McAfee and its directors and executive officers may be deemed to be participants in the solicitation of proxies from the stockholders of McAfee in connection with the proposed Merger. Information regarding the interests of these directors and executive officers in the transaction described herein will be included in the proxy statement described above. Additional information regarding these directors and executive officers is also included in McAfee’s proxy statement for its 2010 Annual Meeting of Stockholders, which was filed with the SEC on May 10, 2010. This document is available free of charge at the SEC’s web site at www.sec.gov, and from McAfee by contacting Investor Relations by mail at McAfee, Inc., 3965 Freedom Circle, Santa Clara, California 95054, Attention: Investor Relations, by telephone at (408) 246-5223, or by going to McAfee’s Investor Relations web site at investor.mcafee.com (click on “SEC Filings”).
Note on Forward-Looking Statements
The subject document contains certain forward-looking statements within the meaning of Section 27A of the Securities Act of 1933 and Section 21E of the Securities Exchange Act of 1934, including but not limited to, statements regarding the expected benefits and costs of the transaction, the plans, strategies and objectives of management for future operations, and the expected closing of the proposed Merger.
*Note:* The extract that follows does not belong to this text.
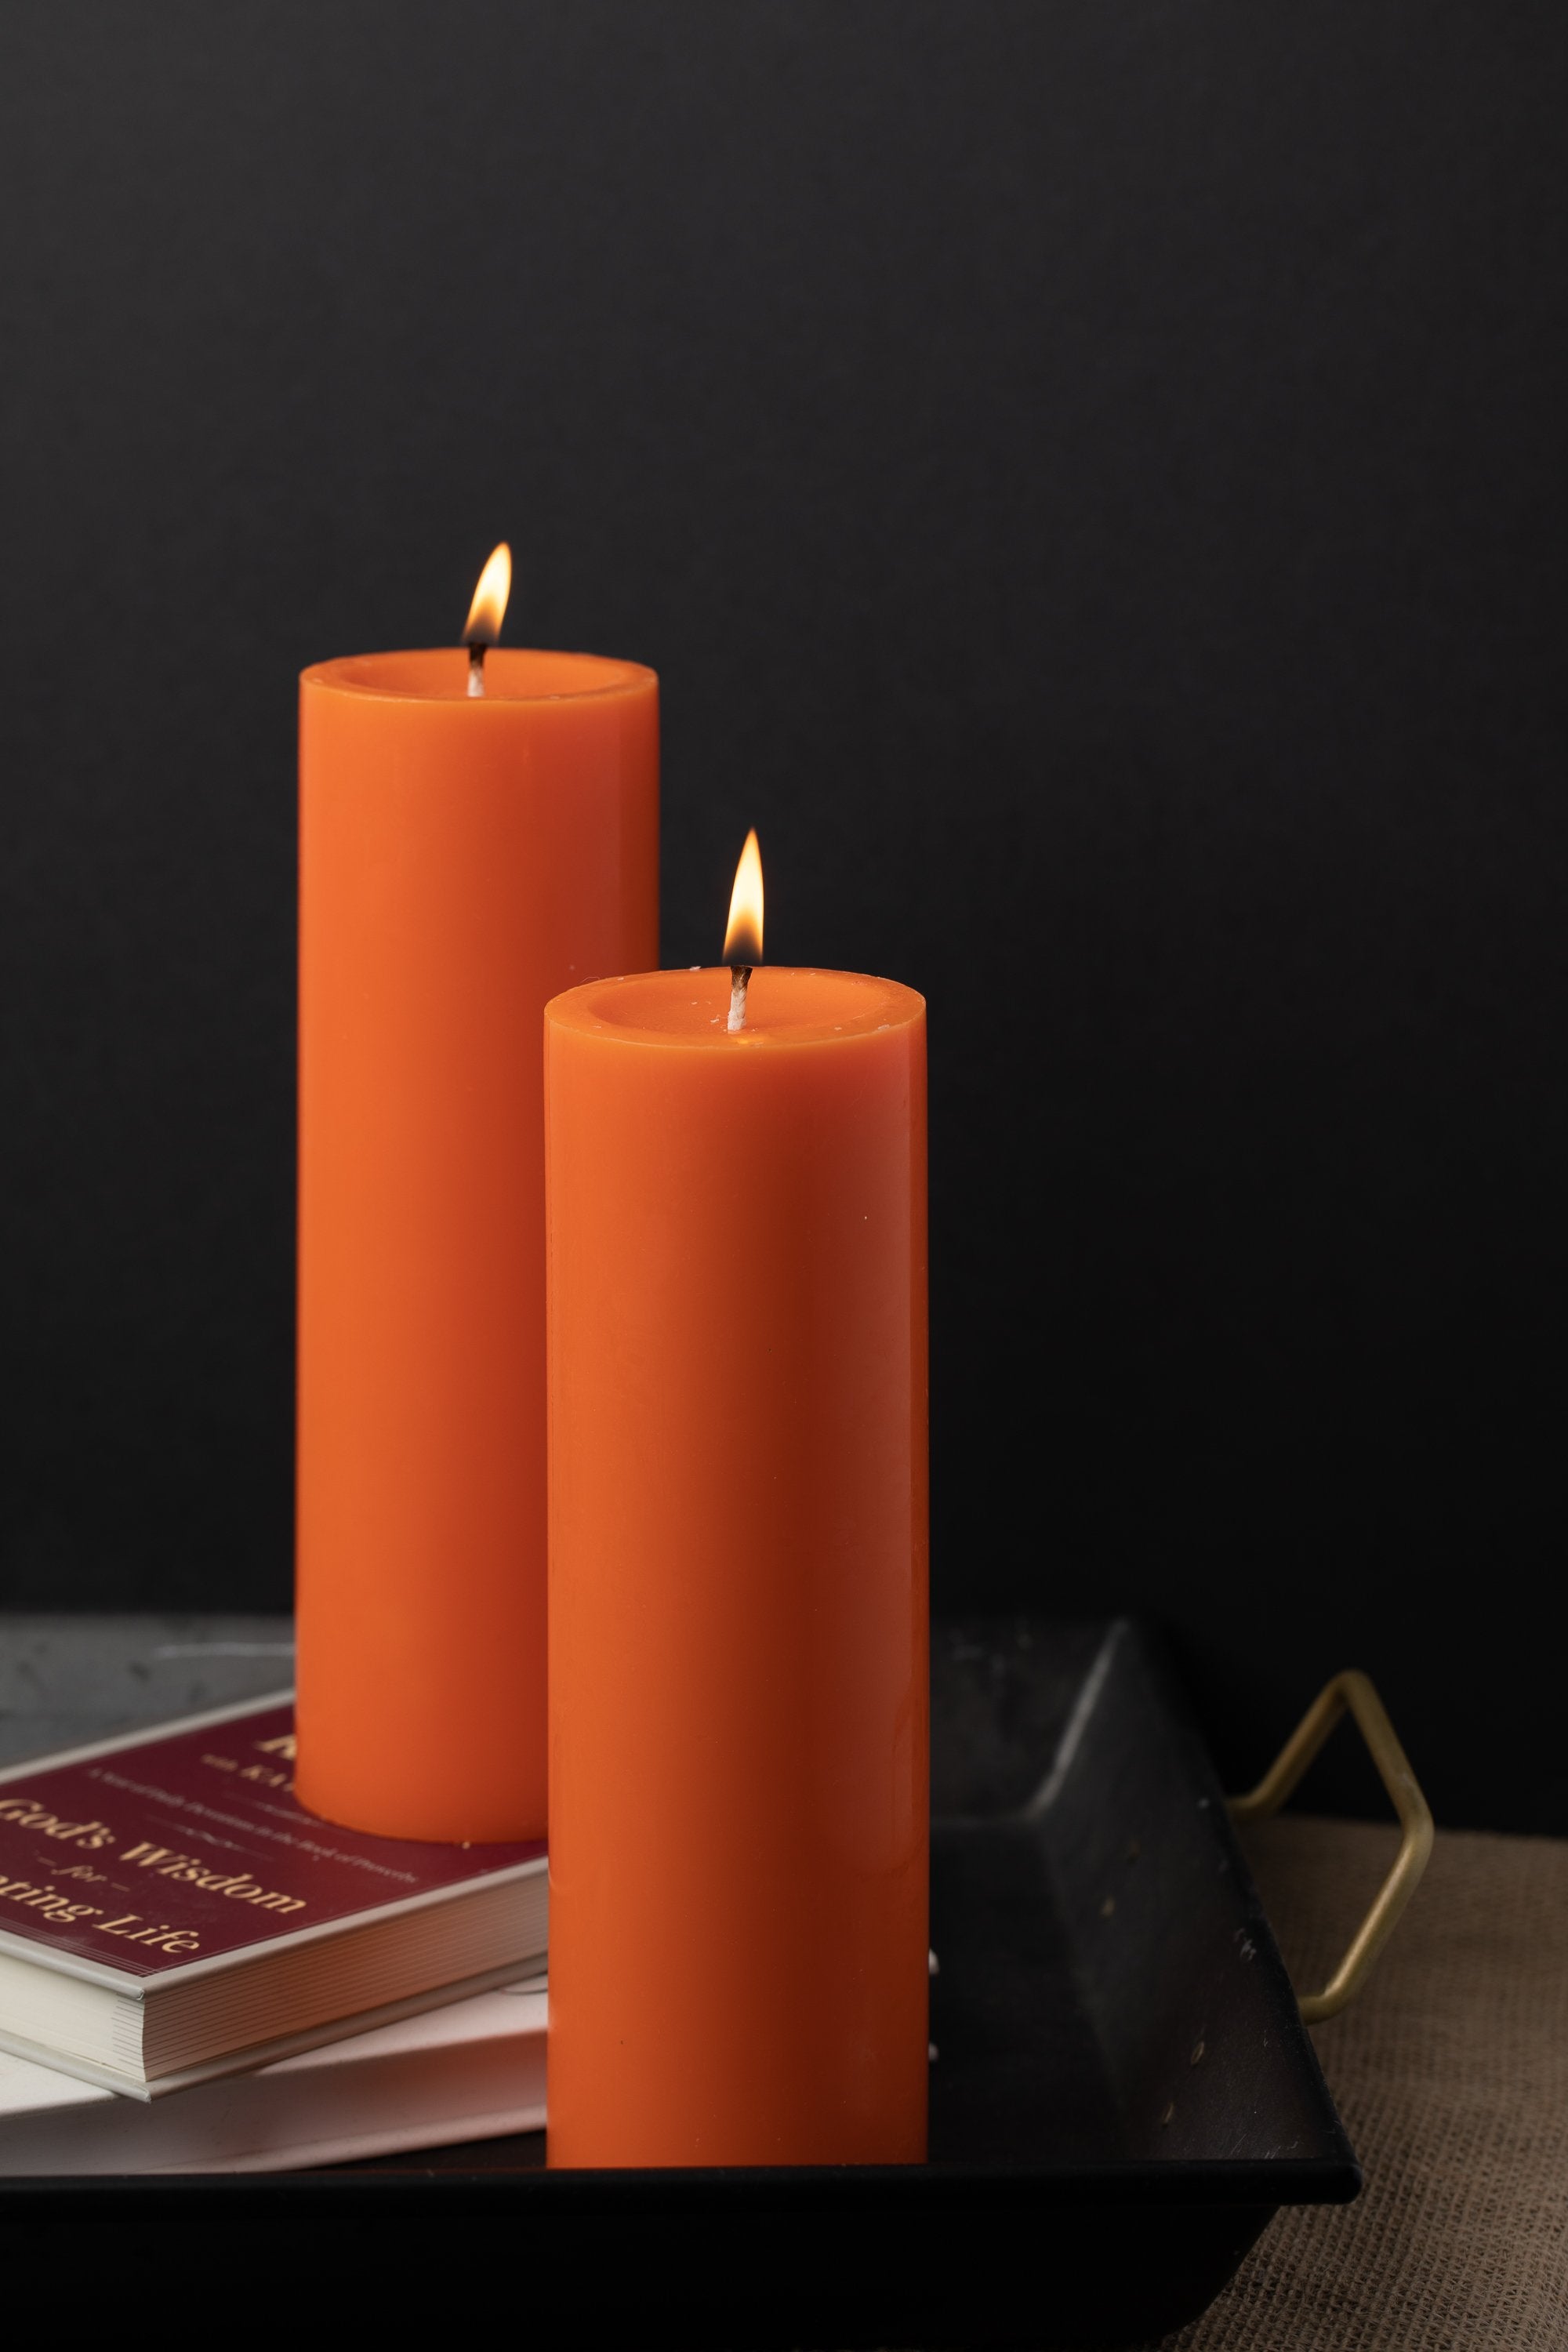 3x4 Beeswax Pillar Candle + Reviews

These forward-looking statements involve certain risks and uncertainties that could cause actual results to differ materially from those indicated in such forward-looking statements, including, but not limited to, the ability of the parties to consummate the proposed Merger, satisfaction of closing conditions precedent to the consummation of the proposed Merger, including obtaining antitrust approvals in the U.S., Europe and other jurisdictions, the ability of Intel to successfully integrate McAfee’s operations and employees, the ability to realize anticipated benefits of the proposed Merger, and such other risks as identified in McAfee’s Annual Report on Form 10-K for the fiscal year ended December 31, 2009, and McAfee’s most recent Quarterly Report on Form 10-Q, each as filed with the SEC, which contain and identify important factors that could cause the actual results to differ materially from those contained in the forward-looking statements. McAfee assumes no obligation to update any forward-looking statement contained in the subject document.